Phi Beta Cons

Academia’s Blind Spot

I’m grateful to Henry Manne, emeritus dean of the George Mason Law School, for pointing to an instance of academia’s knee-jerk hostility toward market exchange. It also illustrates academia’s excessive focus on sex and race issues even where they don’t exist.

The story is a bit complicated, and the details are exhaustively reported on InsideHigherEd, but I’ll boil them down here.

Earlier this month, Biology Online, a blog associated with Scientific American magazine, conducted an email exchange. A Biology Online staffer, “Ofek,” invited Danielle N. Lee, a postdoctoral biologist at Oklahoma State University (who writes for Scientific American’s blog) to become a blogger for Biology Online.

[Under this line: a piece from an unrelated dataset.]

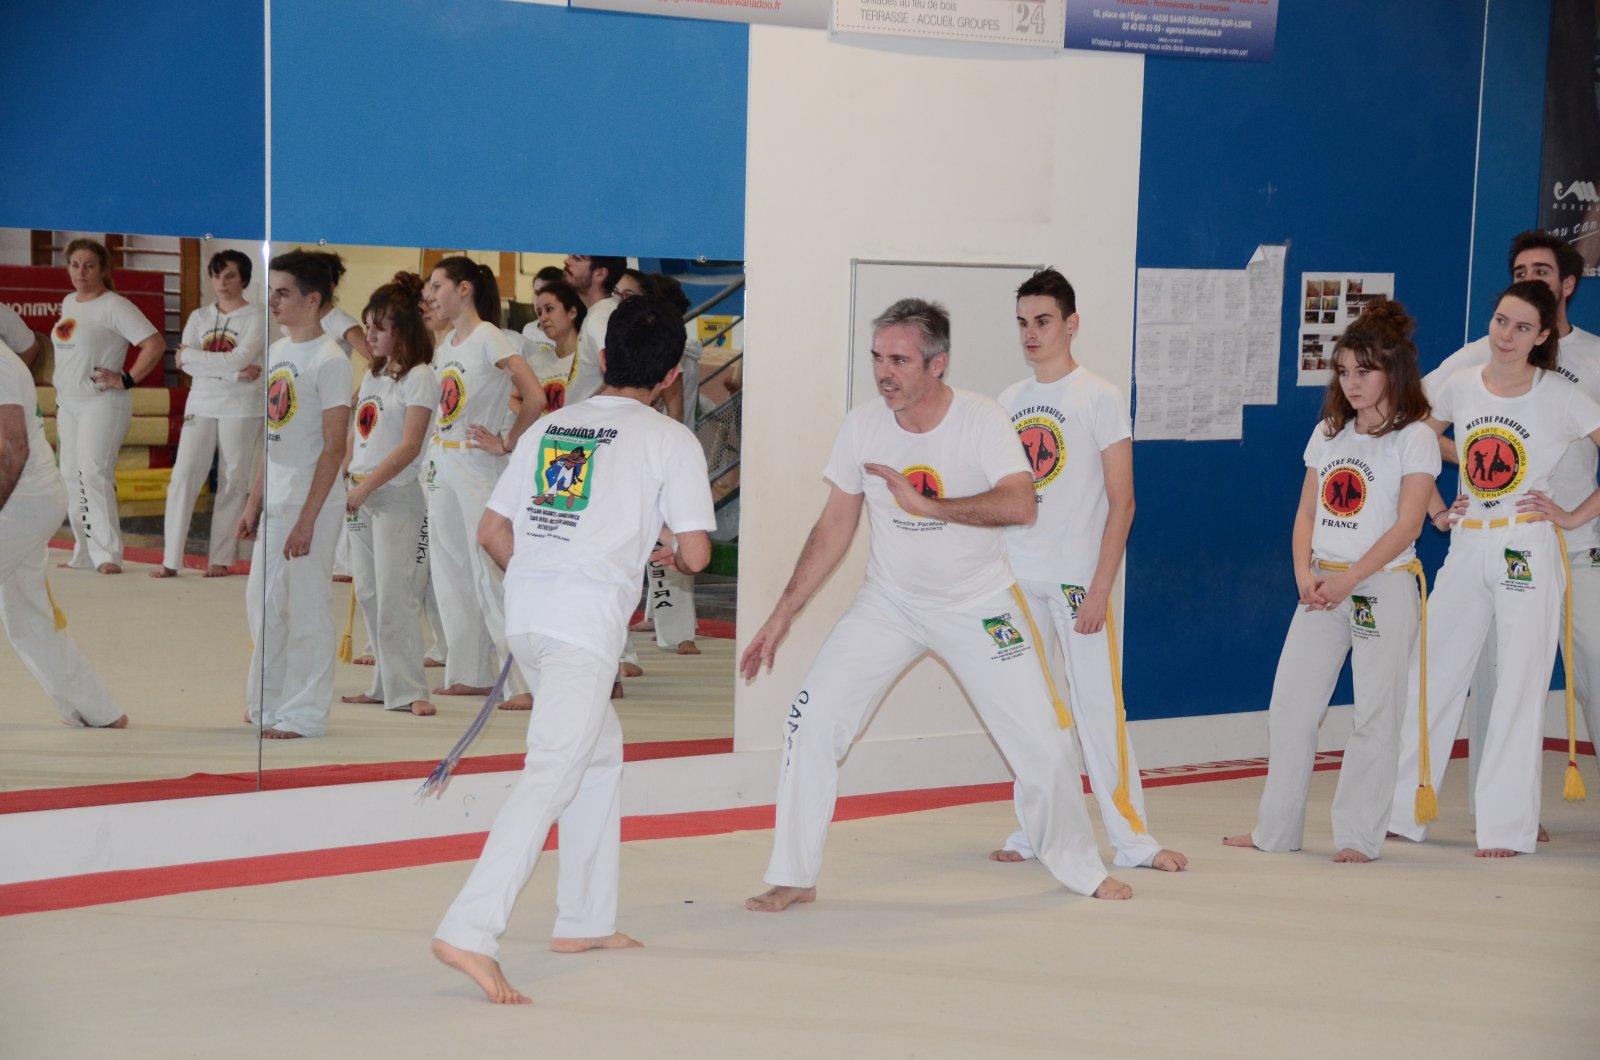 Roda E Galette 2018 Capoeira Nantes (22)

She responded by asking if there was any pay. “Ofek” said no, and she politely declined. He replied by saying, “Because we don’t pay for bloggers? Are you an urban scientist or an urban whore?”

Needless to say, this verbiage became hot news when Lee reported it on her blog — especially when Scientific American took the post down (presumably out of embarrassment). In fact, all hell broke loose. To numerous commentators (one even started a boycott of the Scientific American site), Lee had been attacked because of the widespread disrespect of women and minorities in academia.  “We’ve got a gender problem in academia,” wrote one blogger. “Despite the impressive gains women have made relative to men at every level of educational attainment we remain a minority in academic leadership roles.”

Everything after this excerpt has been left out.